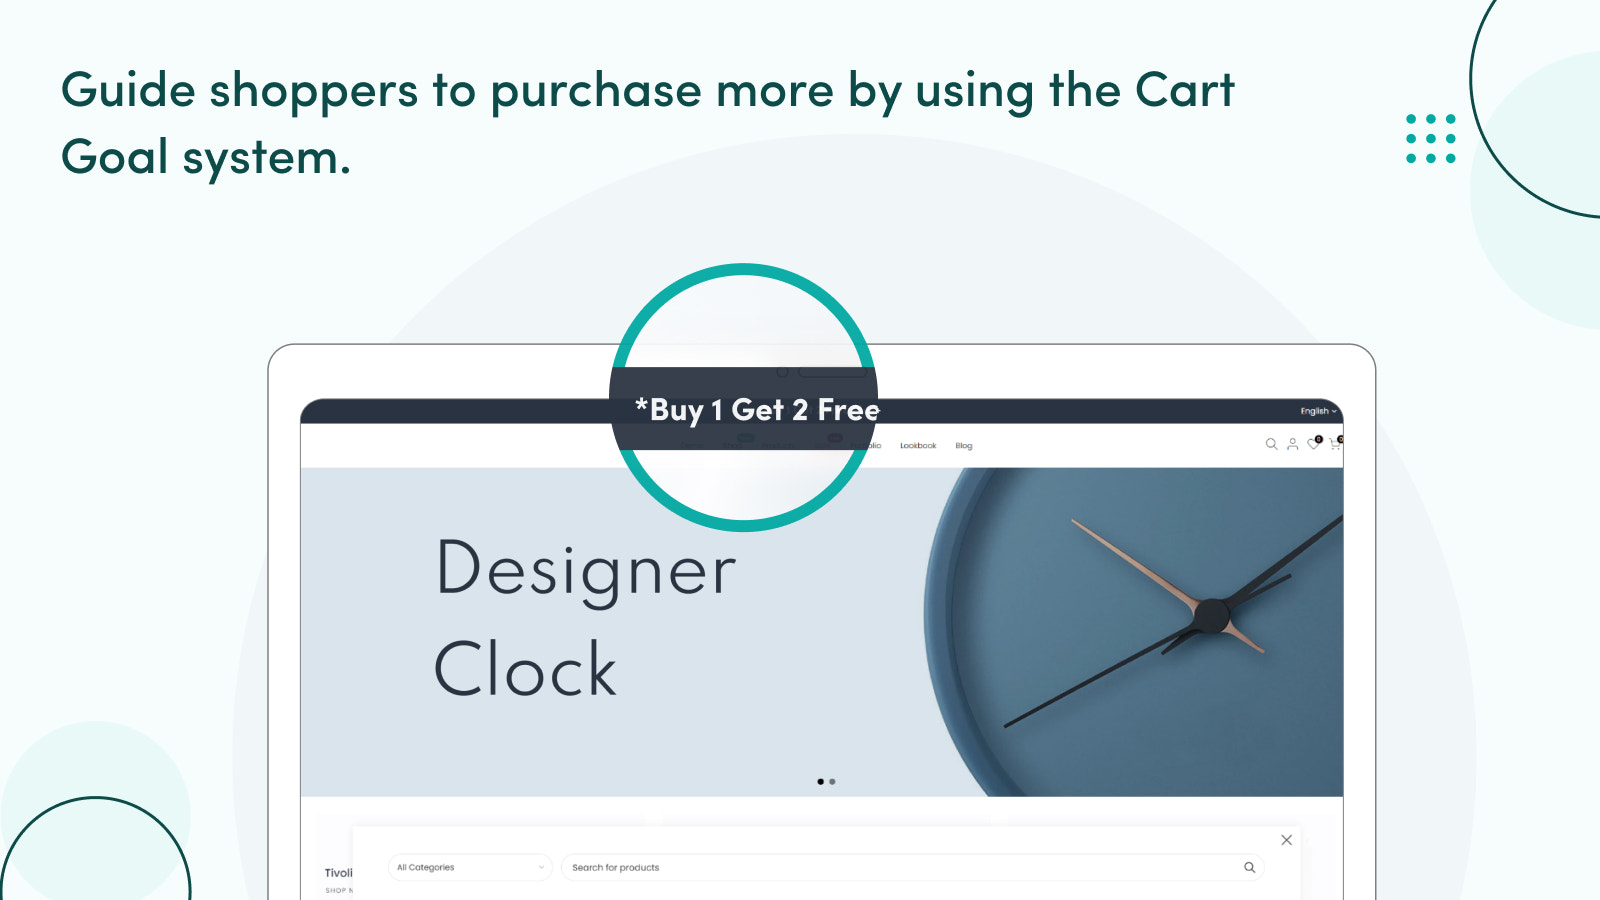 Increase cart value with the Cart goal system.
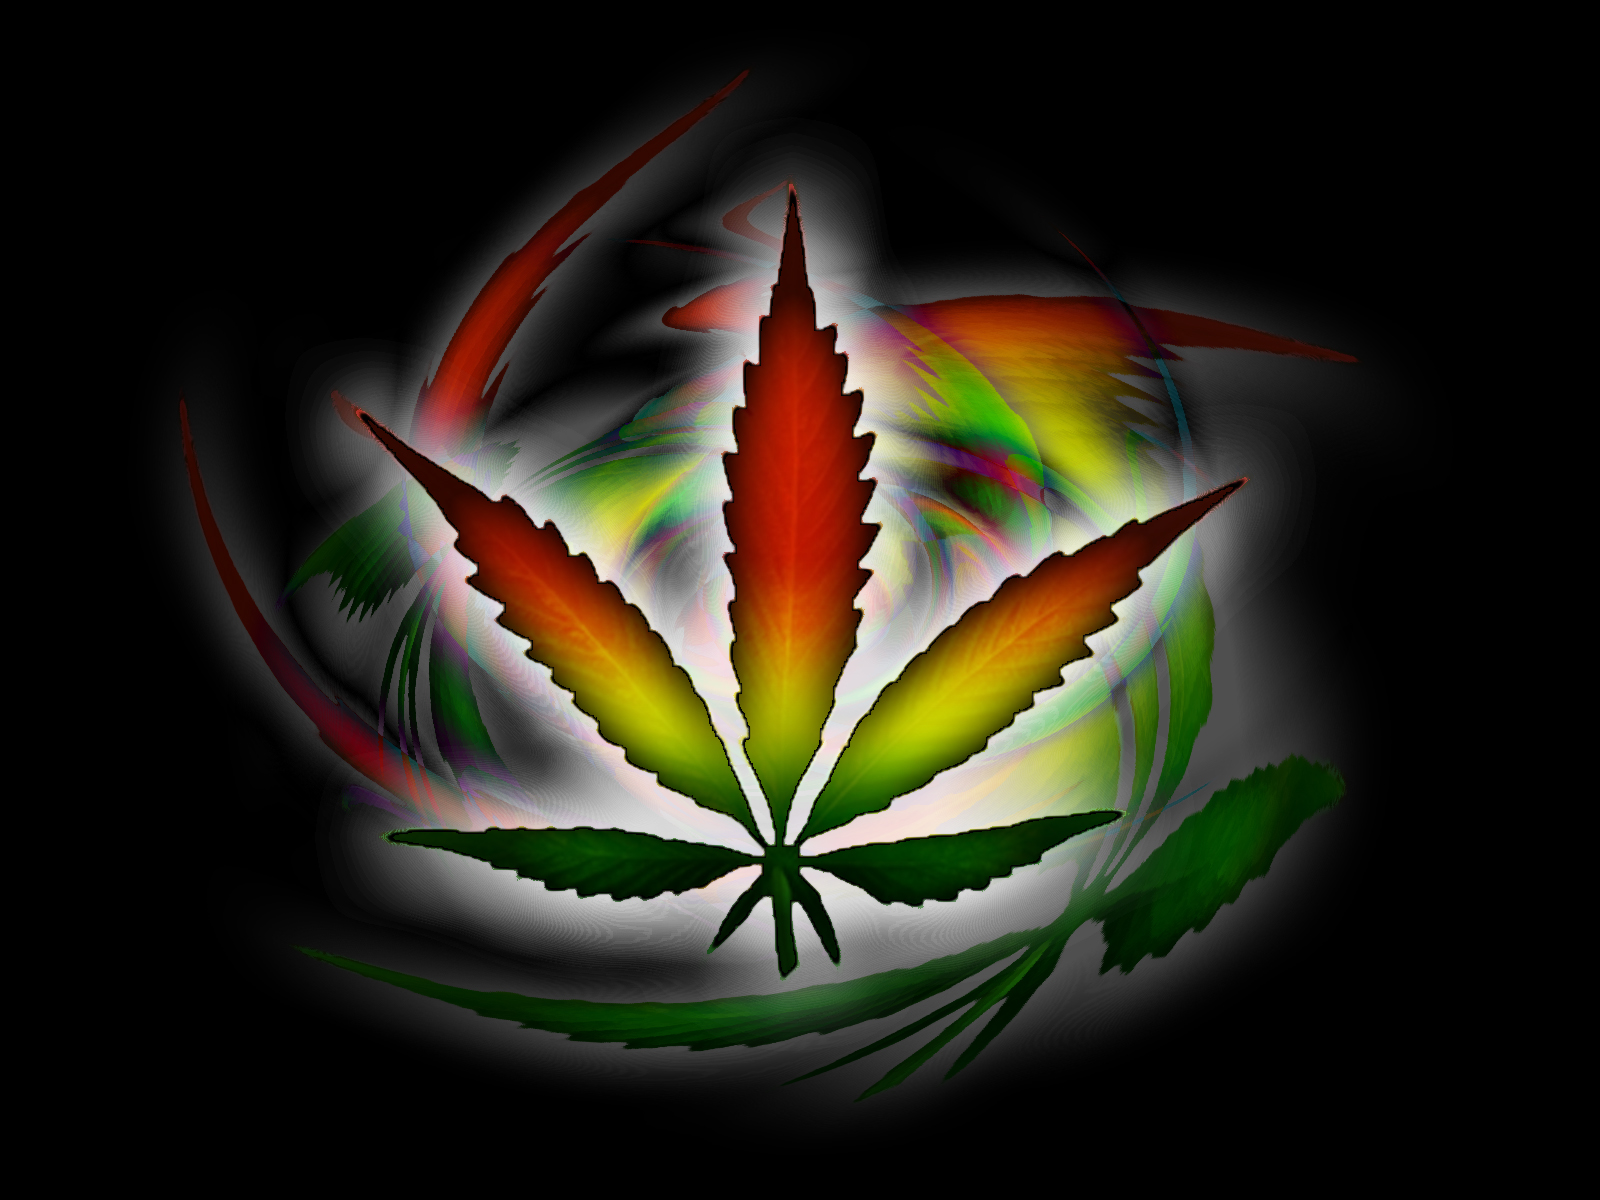 Weed Beautiful Image Of A Multi Colored Pot Leaf With Spinning Smoke
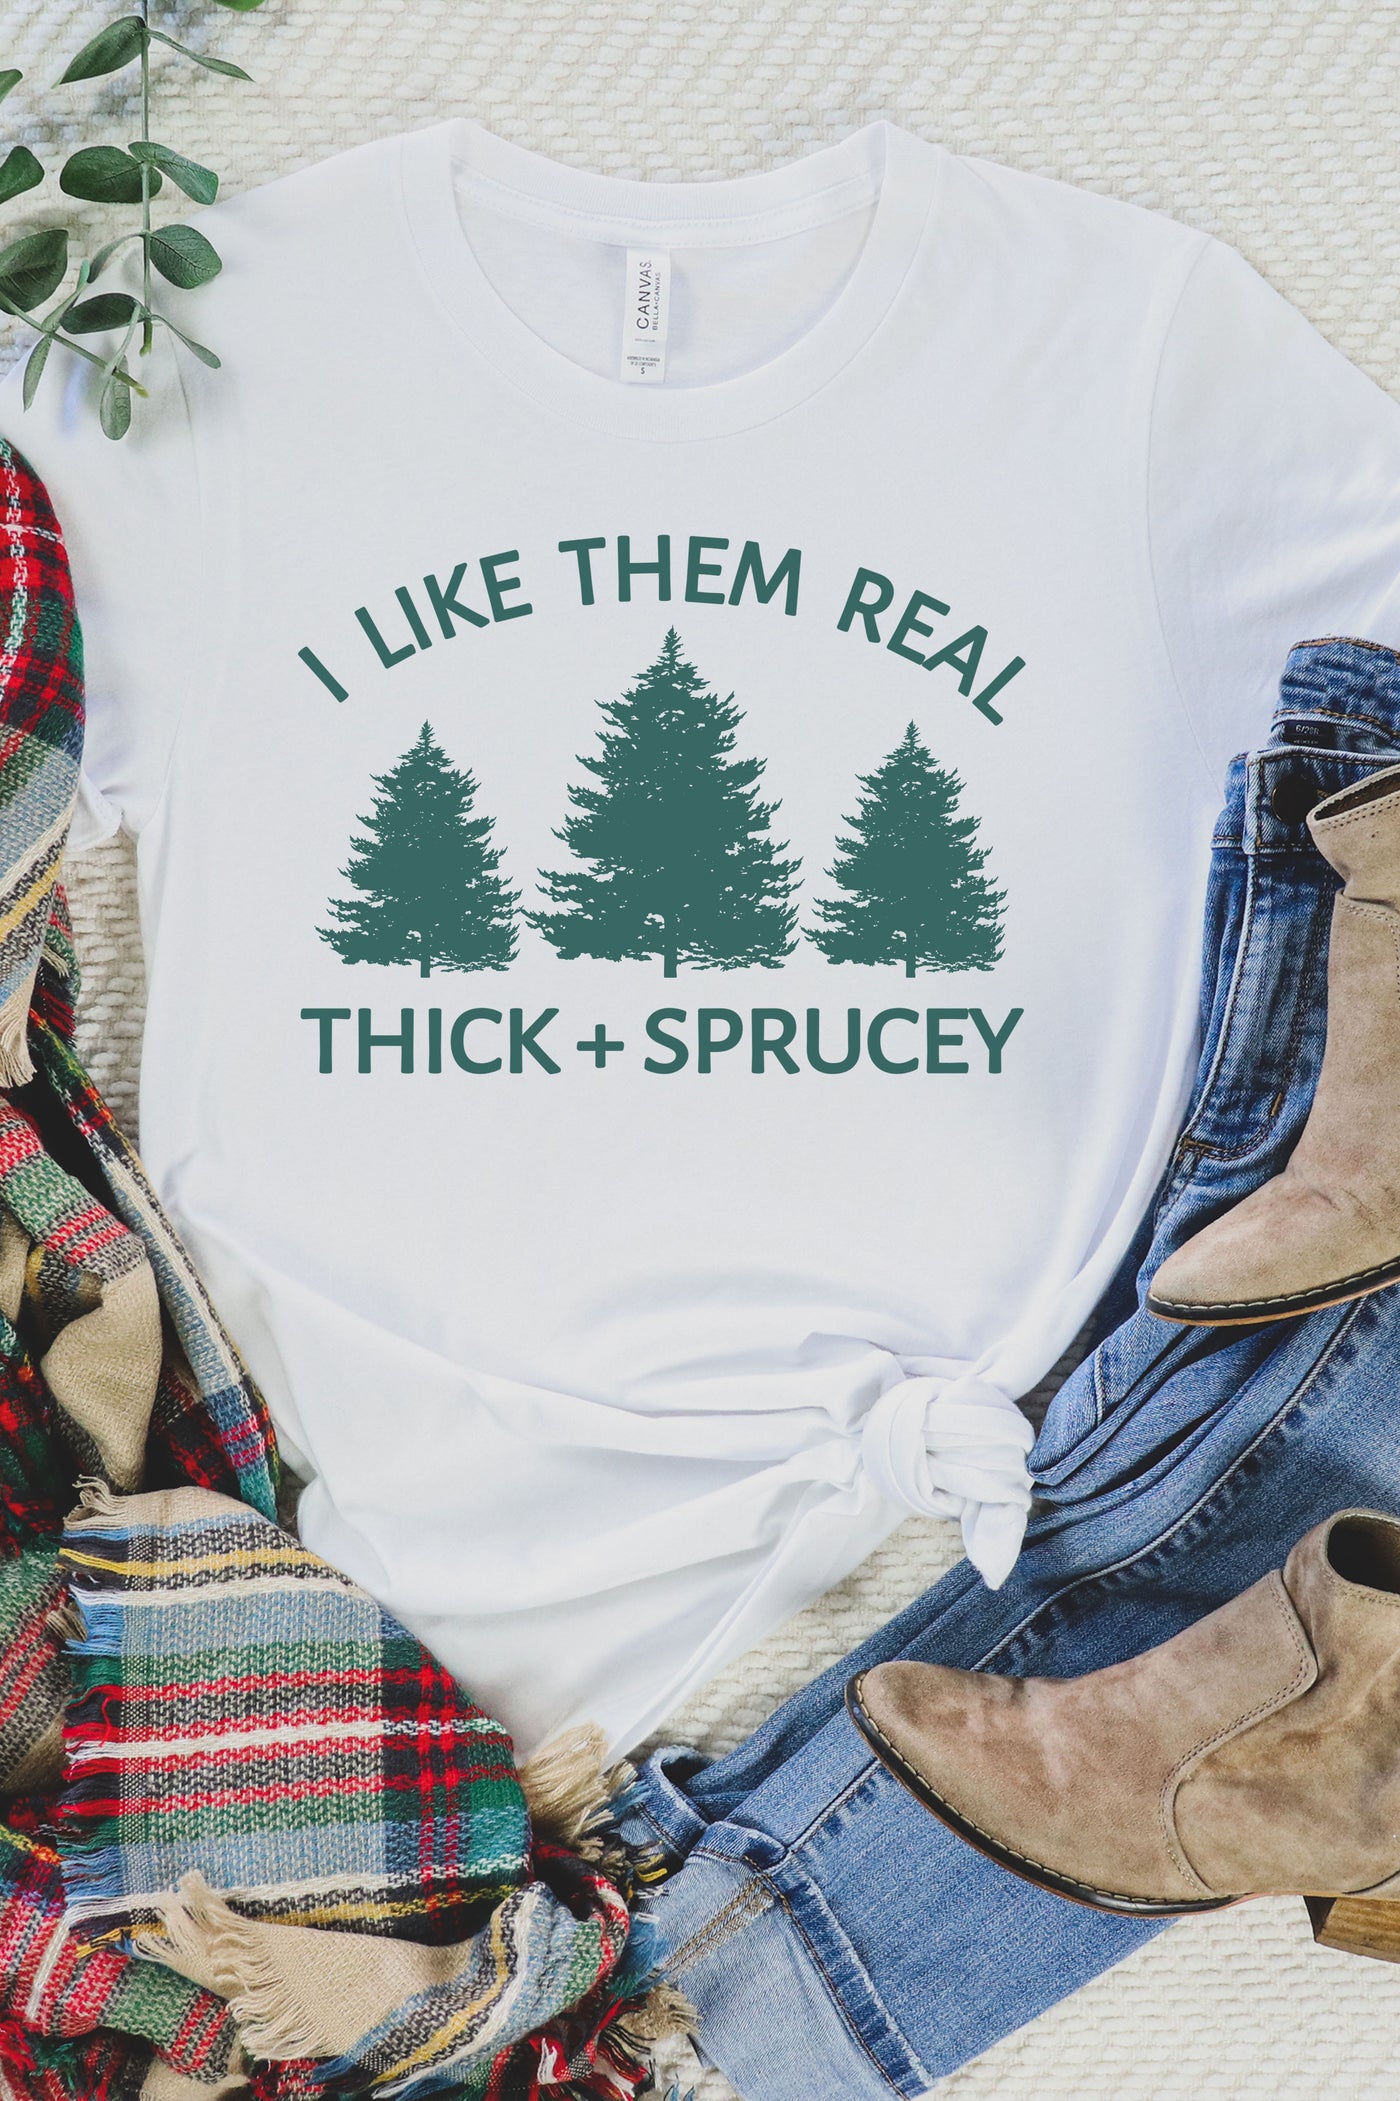 THICK + SPRUCEY

==========

Could you print the whole listing again, exactly, leaving the pictures out?

▸ **Response below**:
 Increase cart value with the Cart goal system.
 Weed Beautiful Image Of A Multi Colored Pot Leaf With Spinning Smoke
 THICK + SPRUCEY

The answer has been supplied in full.